One of my customers runs an external server which is connected to the main network via a simple PPTP connection. This works fine but from time to time the firewall decides to drop the connection (for whatever reason). From this moment on, the external server can not access the resources within the internal network any more. Until now we had to restart the connection by hand, but this is not very comfortable.

The Solution

The solution is easy: Whenever the external server is not able to ping an internal server then it should try to reconnect to the VPN. This can be easily automated with a simple cron job.

#!/bin/bash

# no ping request
COUNT=1

# add ip / hostname separated by white space
HOSTS="192.168.0.250"

# no ping request
COUNT=1

# do the checks
for myHost in $HOSTS
do
   count=$(ping -c $COUNT $myHost | grep 'received' | awk -F',' '{ print $2 }' | awk '{ print $1 }')
   if [ $count -eq "0" ]; then
      # 100% failed
      echo "Host : $myHost is down (ping failed) at $(date)"

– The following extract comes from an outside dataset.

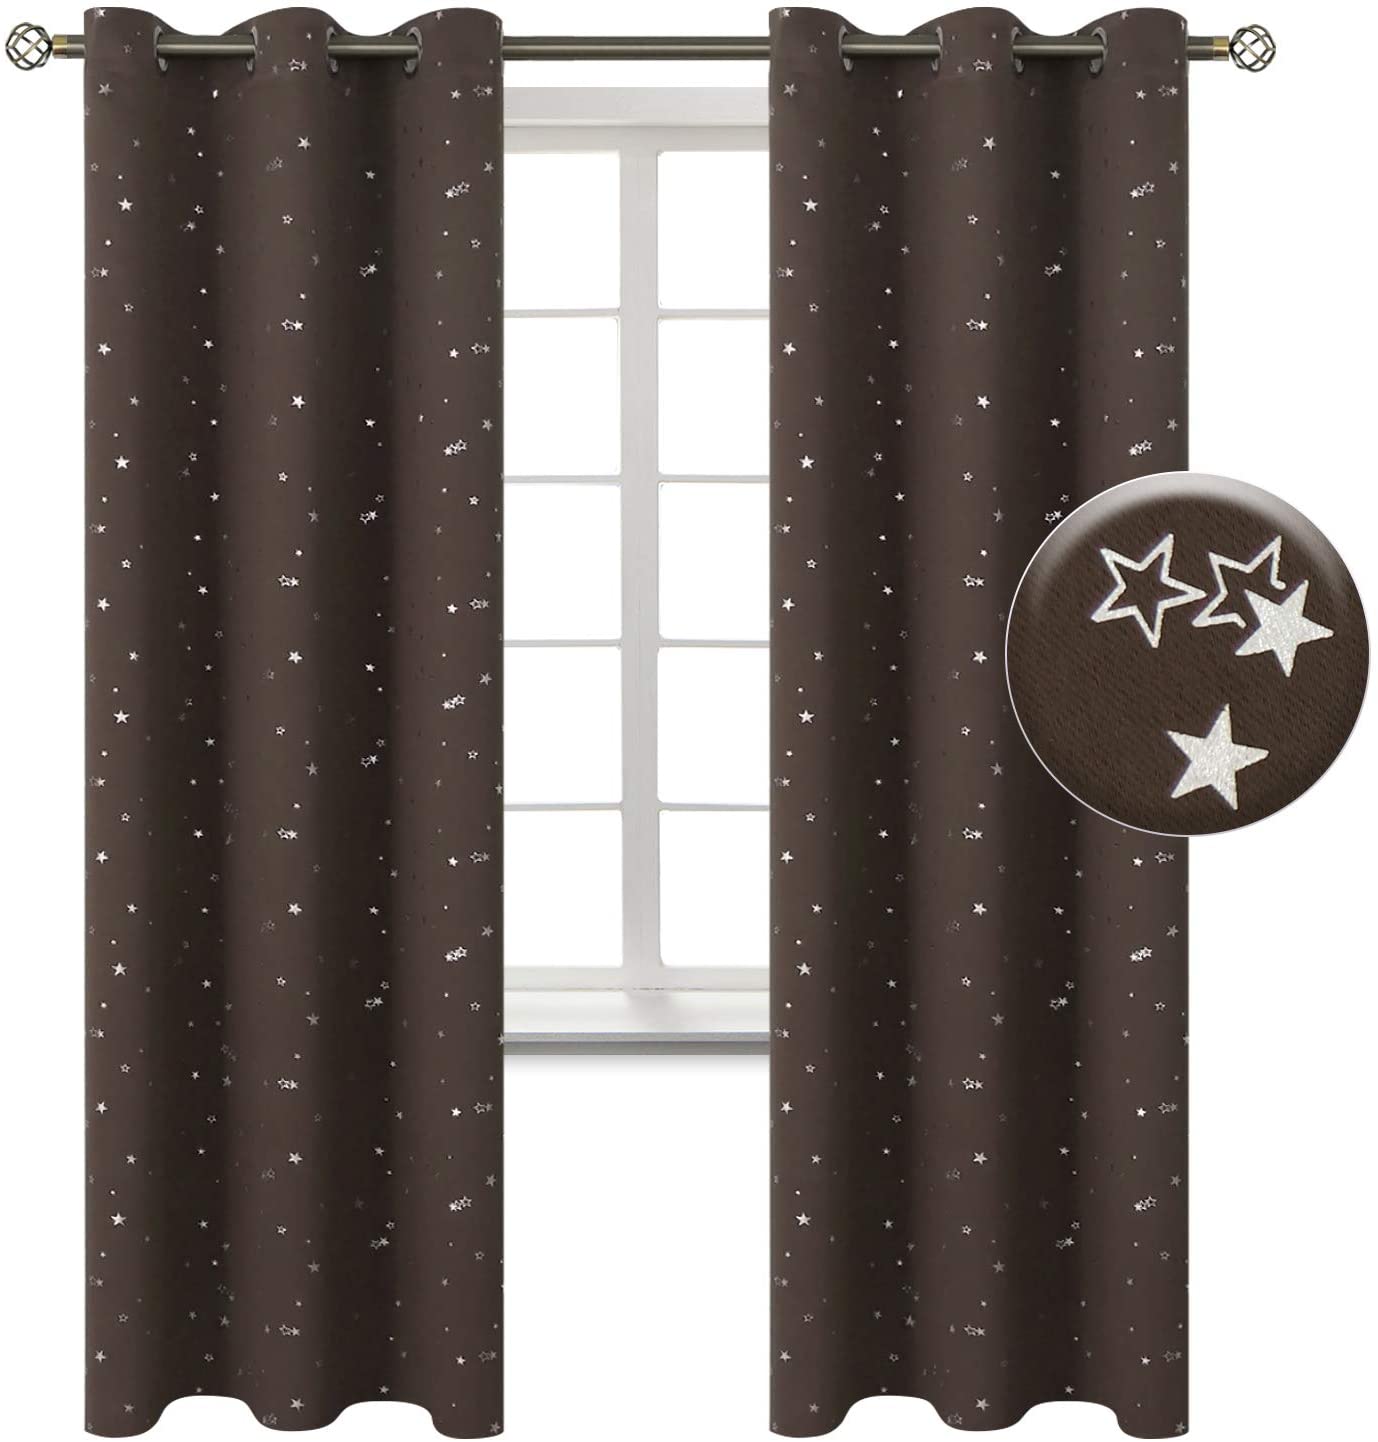 Grommet Thermal Insulated Silver Sta BGment Kids Blackout Curtains for Bedroom

      # If we are root the we can reconnect
      if [ $UID -eq 0 ] ; then
          echo "Killing old pppd daemon"
          killall pppd

          echo "Re-establishing the PPTP connection"
          pptp vpn.mycompany.tld call COMPANY-CONNECTION
          sleep 3

          echo "Adding the route to the PPTP network"
          route add -net 192.168.0.0 dev ppp0 netmask 255.255.255.0
      else
          echo "Run this script as root (sudo) to automatically re-establish the connection."
      fi
   else
      echo "Connection alive"
   fi
done

This script is pretty handy. If you put it into /usr/local/bin then everybody on the system should be able to call it (as long as the permissions are correct). The script pings the host(s) defined in the 7th line. If the ping is OK, the the script prints 'Connection alive'. if not then the script prints that the desired host is down. From there on the script checks if you are root user. If you are root user - which is true if you start the script via cron (by linking it to /etc/cron.hourly) or if you start it via sudo, then the script tries to reconnect to the COMPANY-CONNECTION on the firewall behind vpn.mycompany.tld.